== RECORD SET ==
BEGIN

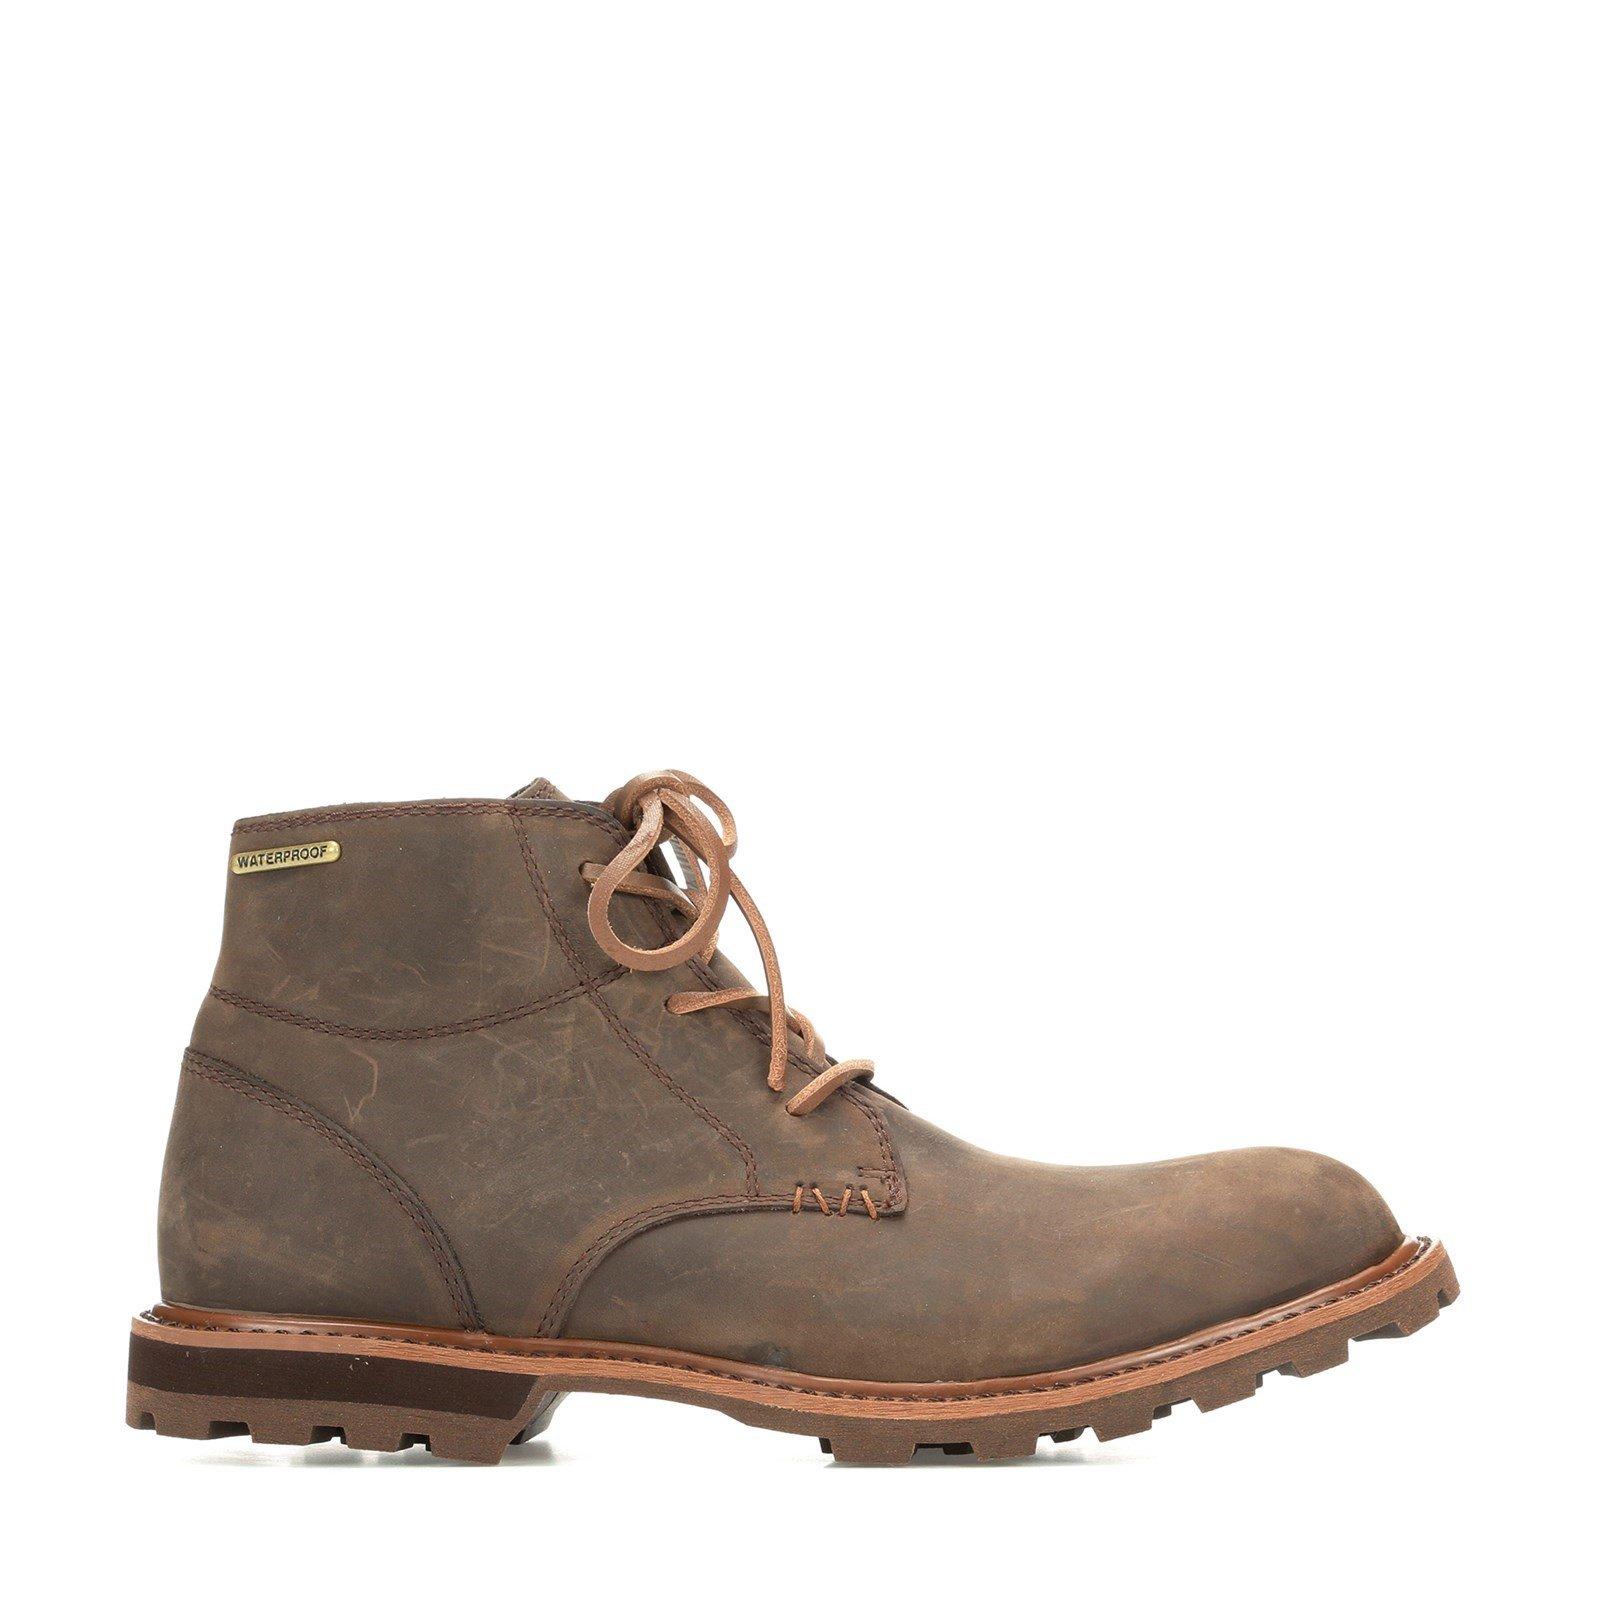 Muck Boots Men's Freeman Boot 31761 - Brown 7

END
BEGIN

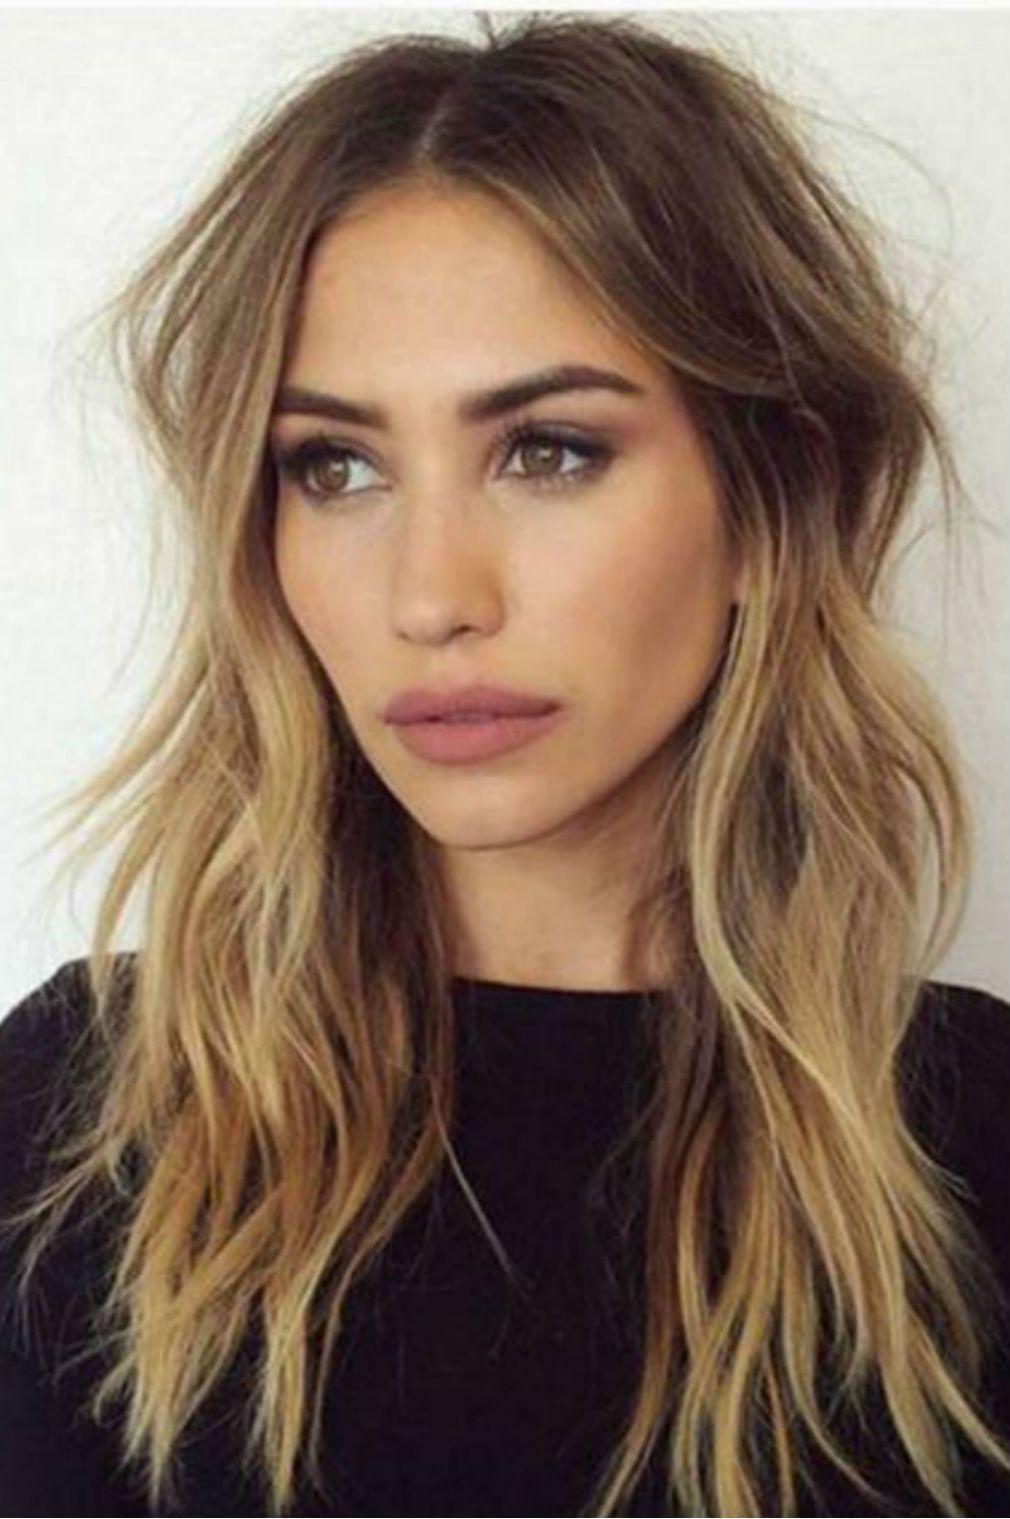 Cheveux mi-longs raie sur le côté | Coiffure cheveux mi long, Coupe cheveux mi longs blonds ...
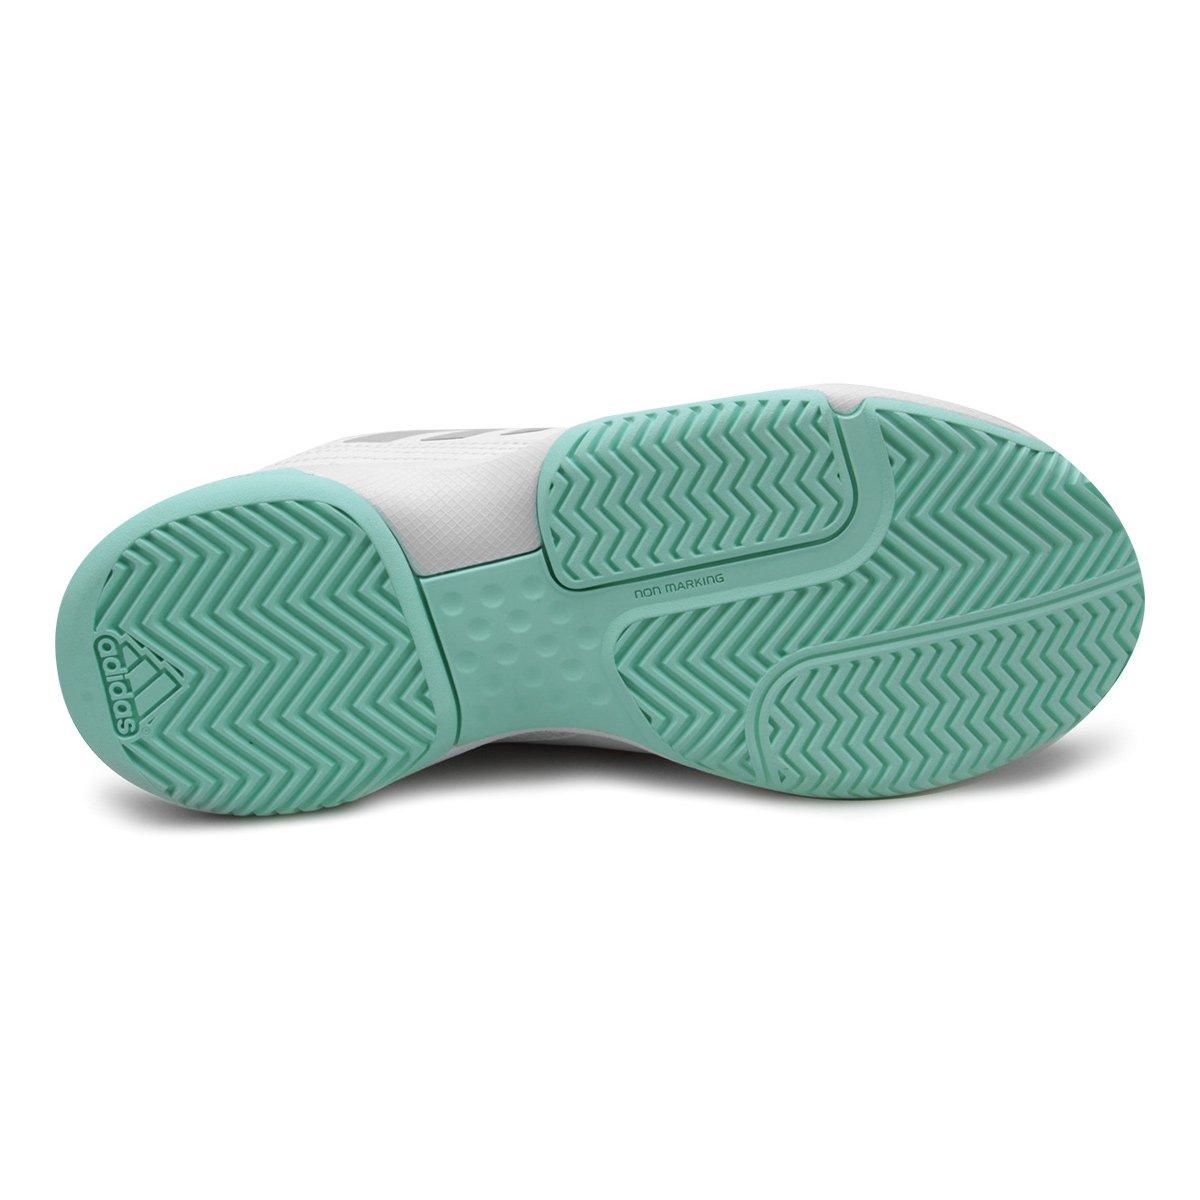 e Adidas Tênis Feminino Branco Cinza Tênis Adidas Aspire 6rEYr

END

== ABOUT THIS TASK ==
Beginning with the line that contains "Cheveux mi-longs raie", write out the lines of the material above exactly, and end with the line that contains "e Adidas Tênis". Omit the pictures.

== RESPONSE BELOW ==
 Cheveux mi-longs raie sur le côté | Coiffure cheveux mi long, Coupe cheveux mi longs blonds ...
 e Adidas Tênis Feminino Branco Cinza Tênis Adidas Aspire 6rEYr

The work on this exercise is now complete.